I get the vast majority of my gaming news directly from this news page and website, and I rarely, if ever, get it anywhere else.  I also read it every single day.  The only thing that I would change about it is splitting the card games off from the boardgaming news section, as not only do I not consider CCGs to be boardgames, but I also don't play any of them whereas I DO play boardgames.  If there was a CCG section I could just skip it entirely and read the boardgame section.


----------



## EtanMoonstar

One of my daily must-reads--as others have mentioned, this site has built up a lot of trust. I've really appreciated the recent addition of boardgaming news, btw (that, D&D news, and general rpg news are what I tend to read).


----------



## archastrel

Yes, please continue, this site is on my daily reading list.


----------



## Silver Griffin

I check the page every day.  It gives me a feel for what I want to look into more.


----------



## freyar

I read through it pretty much every day, like the other commenters.


----------



## Rhianni32

I'm one of the silent members. Don't really comment in forums and just read over the site. I really like the front news page and get a lot of use out of it.


----------



## NorthernPlague

I returned to D&D this past year after 25 years away and this news feed has been very helpful for me to follow the genre/market. Thank you.


----------



## PeelSeel2

One of the main attractions for me.  The forums are secondary.


----------



## rokeca

I come to this page every day for the news.Thanks to your efforts, I am exposed to new games and reviews and information that I wouldn't have discovered otherwise. Your work upgrading the news page is fantastic - the quality of news aggregation is the best I can recall (and I've been visiting this site for probably a decade). Visiting the page is something I look forward to each morning!


----------



## jacktannery

I read the D&D. Paizo and EN world sections of the news about once a week. I find it useful and would be sad to see it gone.


----------



## Shieldhaven

The news page is by far and away the most important part of the site for me, and I at least skim all sections.

Keep up the great work!
Haven


----------



## Gilladian

As many have said, I'm not a big facebook or twitter user; this is where I get my daily dose of gamer news. I don't read every bit of it every day, but I do skim it and follow up on articles that intrigue me.


----------



## Scotley

I do read the news most days. I'd read more often if I had more time. I don't go anywhere else for my gaming news. I hit Pazio's or Wizard's sites perhaps once for every 10 times I come to the main page here. I spend most of my time here on pbp gaming, but I do follow the news. My main interest is Pathfinder or D&D. I didn't fight in the edition wars and love all things D&D. I am also interested in 3rd party stuff, but not so much other games. Again mostly because of time constraints. I'm not on Facebook specifically because of the time factor. I usually only hit the twitter feed when I discover ENWorld is down. I like the columns, coming soon links and the Pretty Darn Fun stuff as well. I really like the recent activity widget for letting me see what people are talking about quickly. That damn time thing again. Keep up the good work. My one request beyond the news page is to get the dice roller back for play by posters!


----------



## Ramaster

It would be a pity to lose the news page, I check it out at least twice a day, and really miss it every time it's skipped. It helps me get a bunch of information without having to follow 20+ people/companies on facebook, tweeter, etc. I appreciate the effort that is put into it.


----------



## stevelabny

Get my RPG (and occasionally other geek news) from ENWorld, my board game news from BoardGameGeek (not that I'm against the coverage here, but its not as complete),  get comic book news from comic book sites, get Game of Thrones news from winteriscoming.  It keeps me from having to go to a "geek-catchall" page like IGN or something, where they will pick and choose which mainstream projects deserve mention. 
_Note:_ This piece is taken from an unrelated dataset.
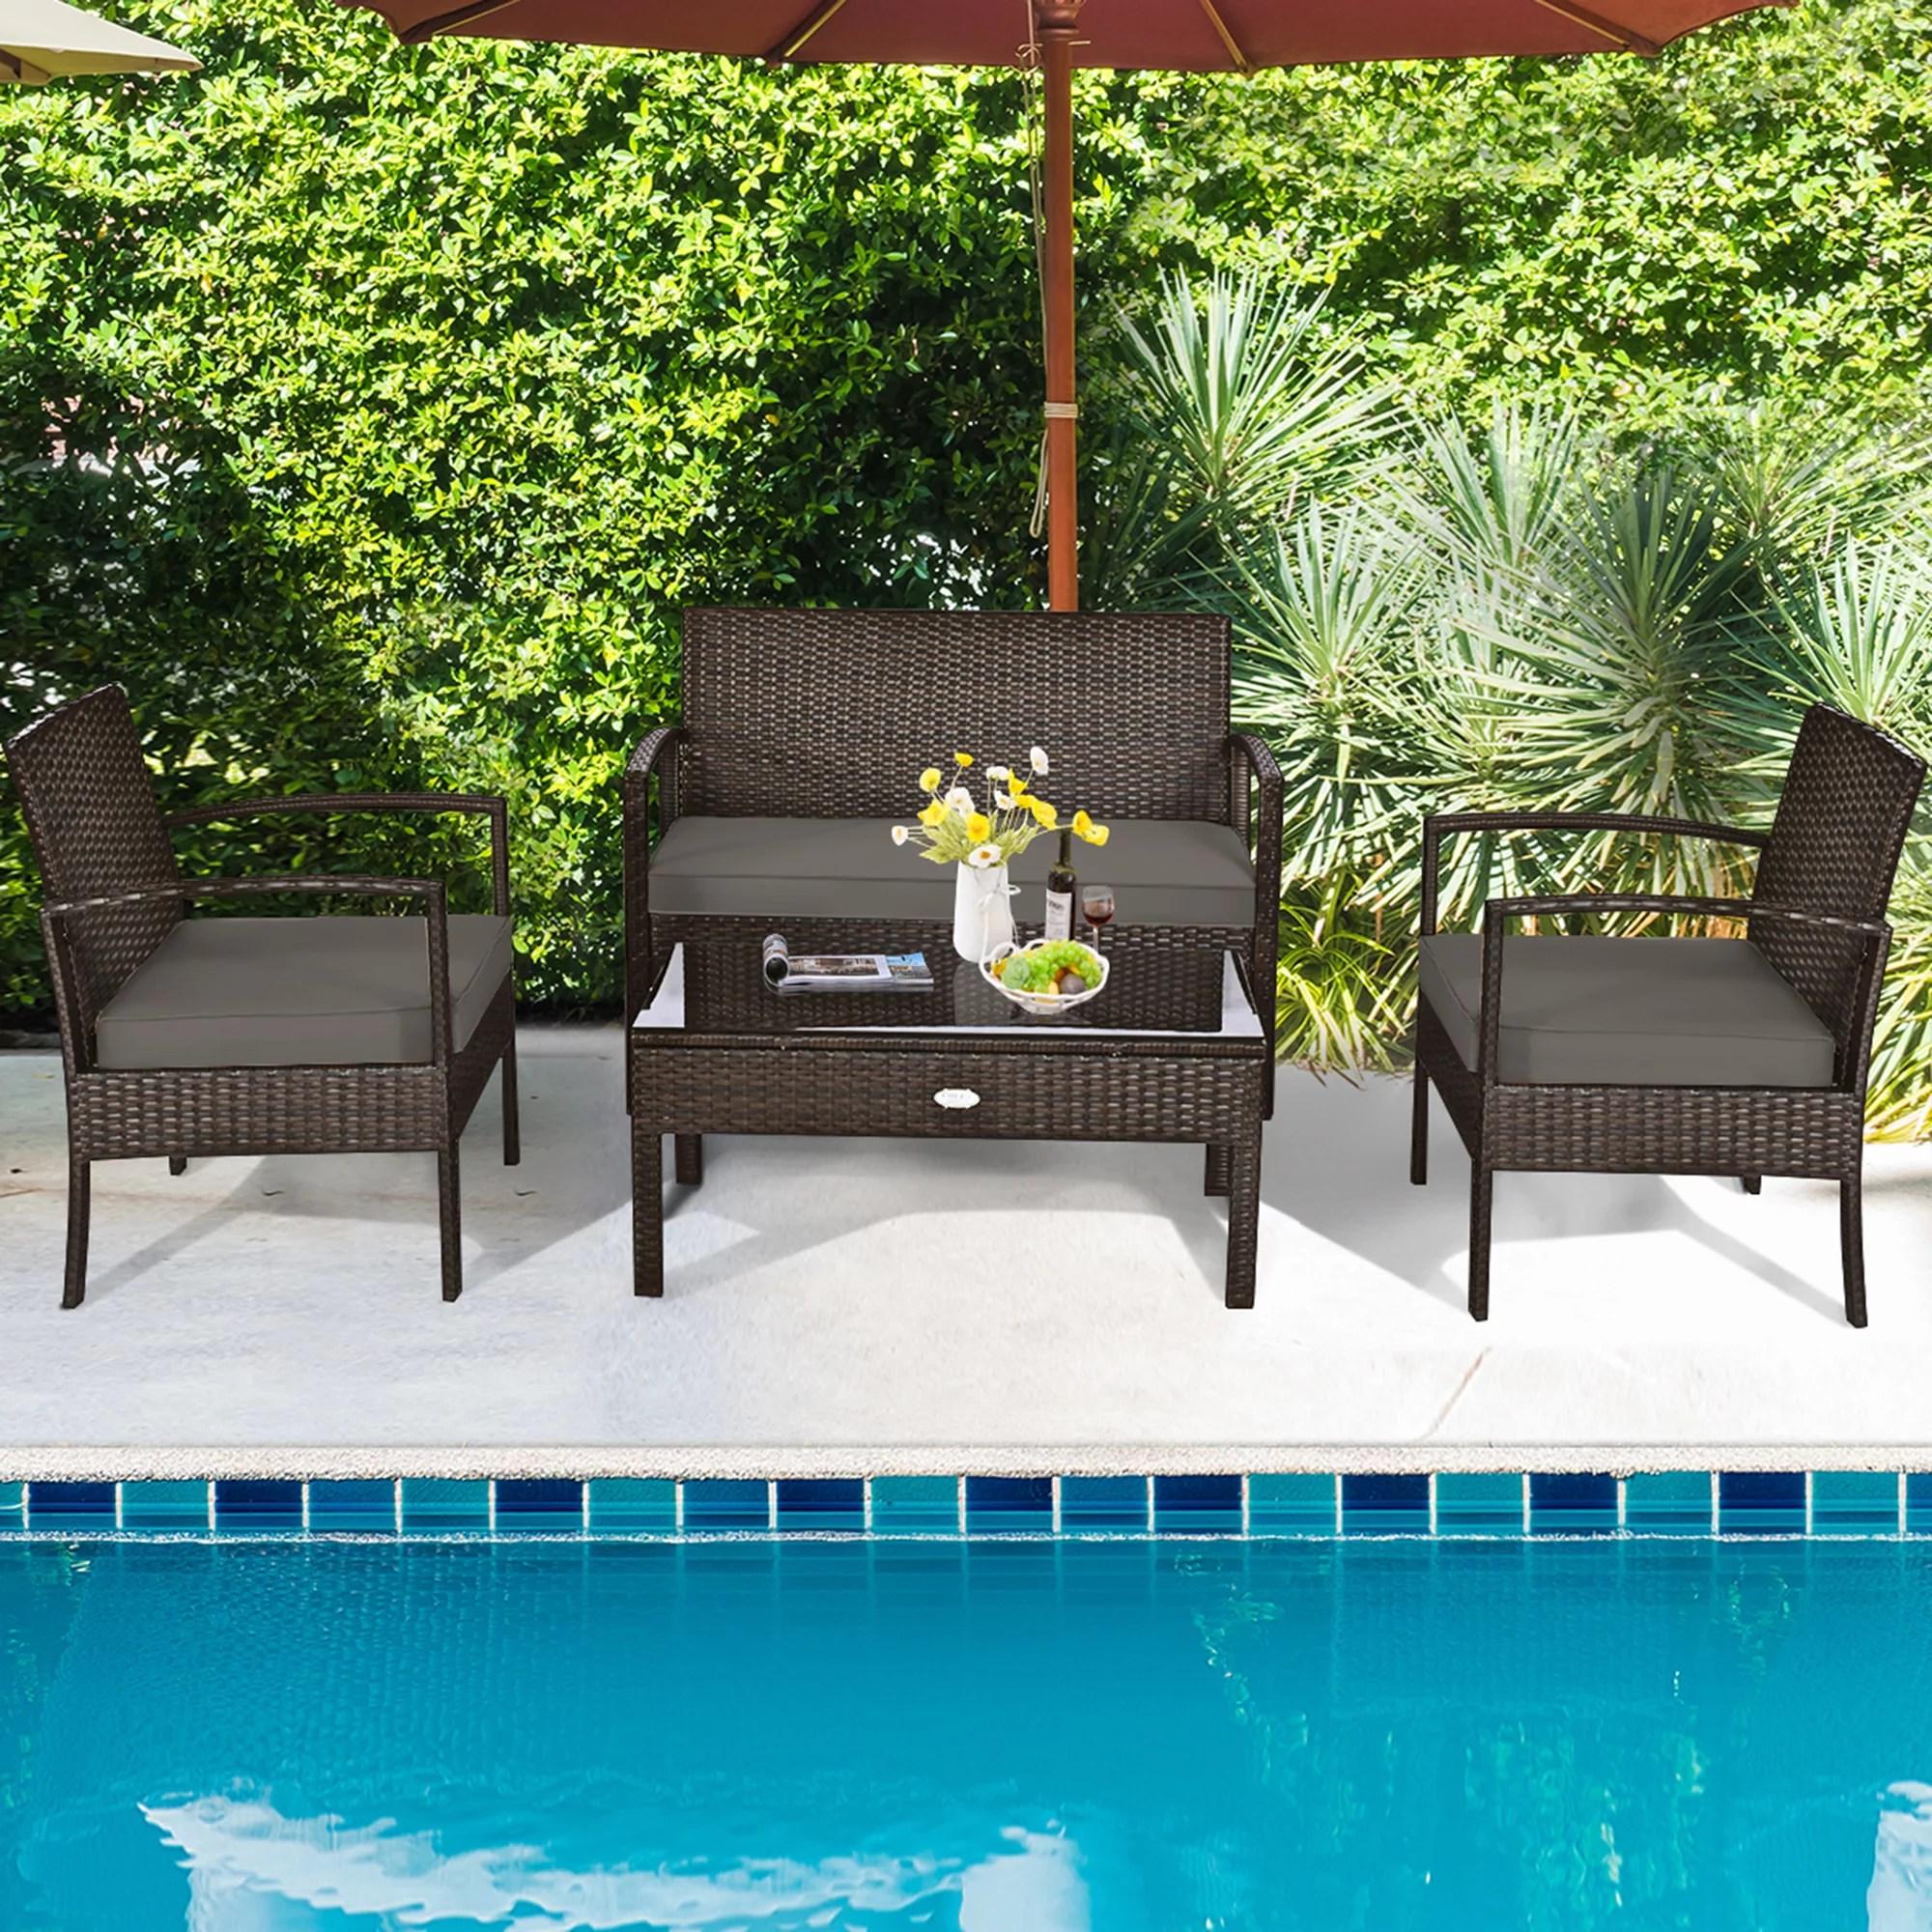 gymax patio garden outdoor 4pc rattan wicker furniture set

Big sites have big cracks that little products and projects fall through.


----------



## MadAxe

Like many others I read the news page almost every day, sometimes checking it two or three times. I almost always find at least one article of interest to click through to, and even the summaries are often informative enough for me. Keep it up!


----------



## SkidAce

I scan it daily and dig deeper into the interesting articles before heading to the forums.


----------



## scruffygrognard

At this point the news page is the only page I use on ENWorld, since I've lost most of my interest in D&D... but still like keeping up with what's new.


----------



## GhostShip Blue

I confess - it's the landing page. I occasionally scan it before I move on to the Forums. Now, when something catches my eye, I do read it, but most often I click by. I suck, I know.


----------



## Smoss

The front page is often the ONLY page I use. Sometimes I check the forums, but since I care more about general RPG stuff going on, the news is what is important. Having left D&D and other commercial systems behind for my own system makes me an odd reader I guess.  
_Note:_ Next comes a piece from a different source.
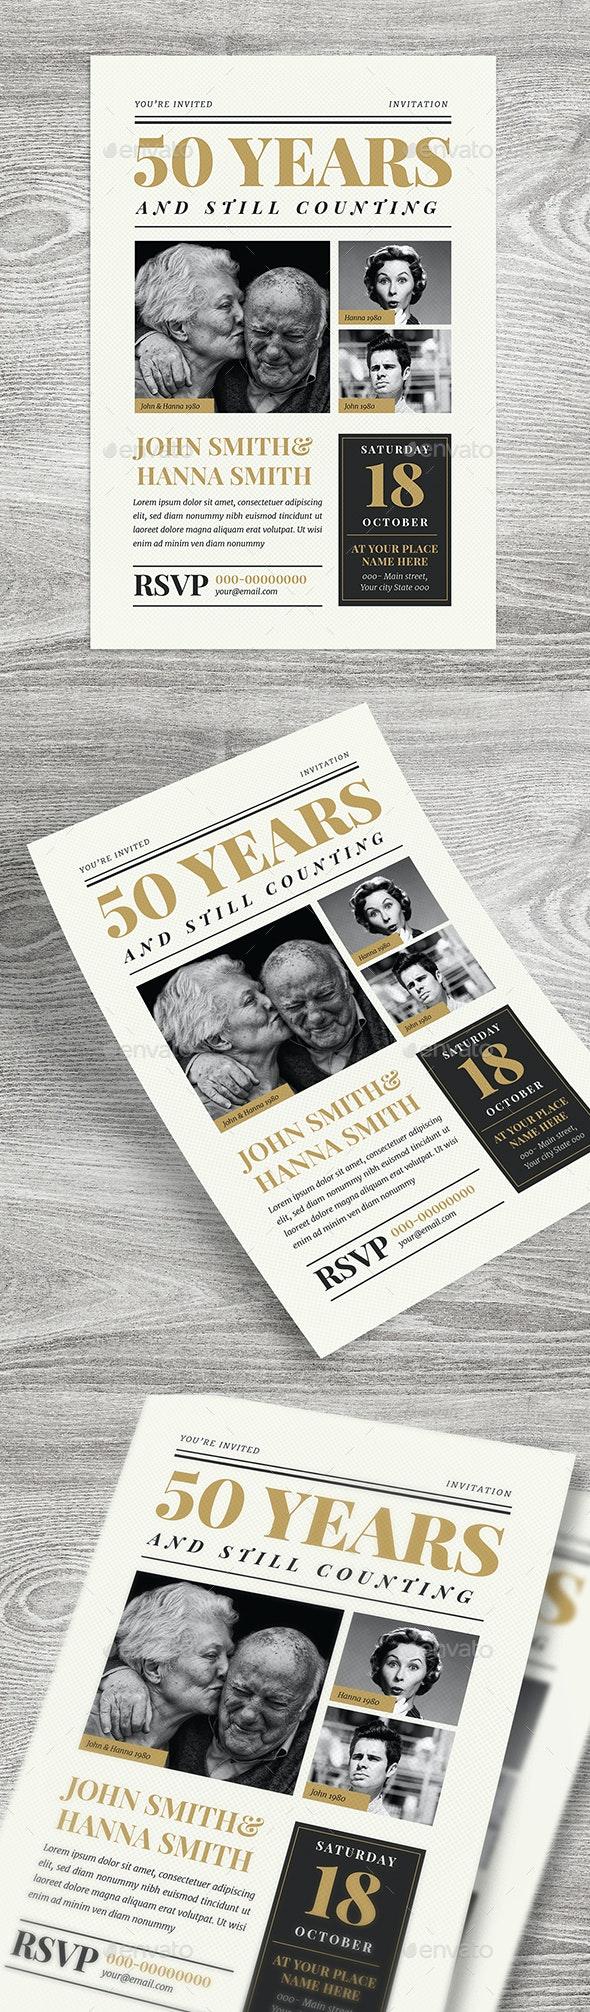 Newspaper Wedding Anniversary Invitation - Cards & Invites Print Templates

I do quite enjoy news of new systems and other things. You never know when there is a good idea to "requisition".  
Smoss


----------



## meien

i read the news page almost every day.  it's a nice roundup of what's going on in the gaming world.


----------



## Sir Robilar

I read it daily and couldn't think of another place to quickly get all the relevant news on one page. Thanks for all the hard work!


----------



## bergec

Redbadge said:


> I read it daily. It is a good compilation of all the goings on.



Ditto!


----------



## malcolm_n

I always read the news page, but there's no way to comment unless you click on the specific article. Not that that's a bad thing, but it could explain why you rarely see replies to such.


----------



## Burrahobbit

I visit the news page daily. I rarely have time to browse the forums, but I really appreciate this summary.


----------



## Atlatl Jones

I read this page almost every day.  I don't always read all sections of it, but it is valuable to me.


----------



## osprey126

I read the news page everyday and it is often the only page I visit.  I usually will go to the forums only  in response to an article or if there is a day without news.  I also want to commend you on the columnists you have added.  I particularly like the PDF column


----------



## dekrass

I read the news here most days, and when I miss some I go back and catch up.
I consider this to be the go to spot for all my RPG info.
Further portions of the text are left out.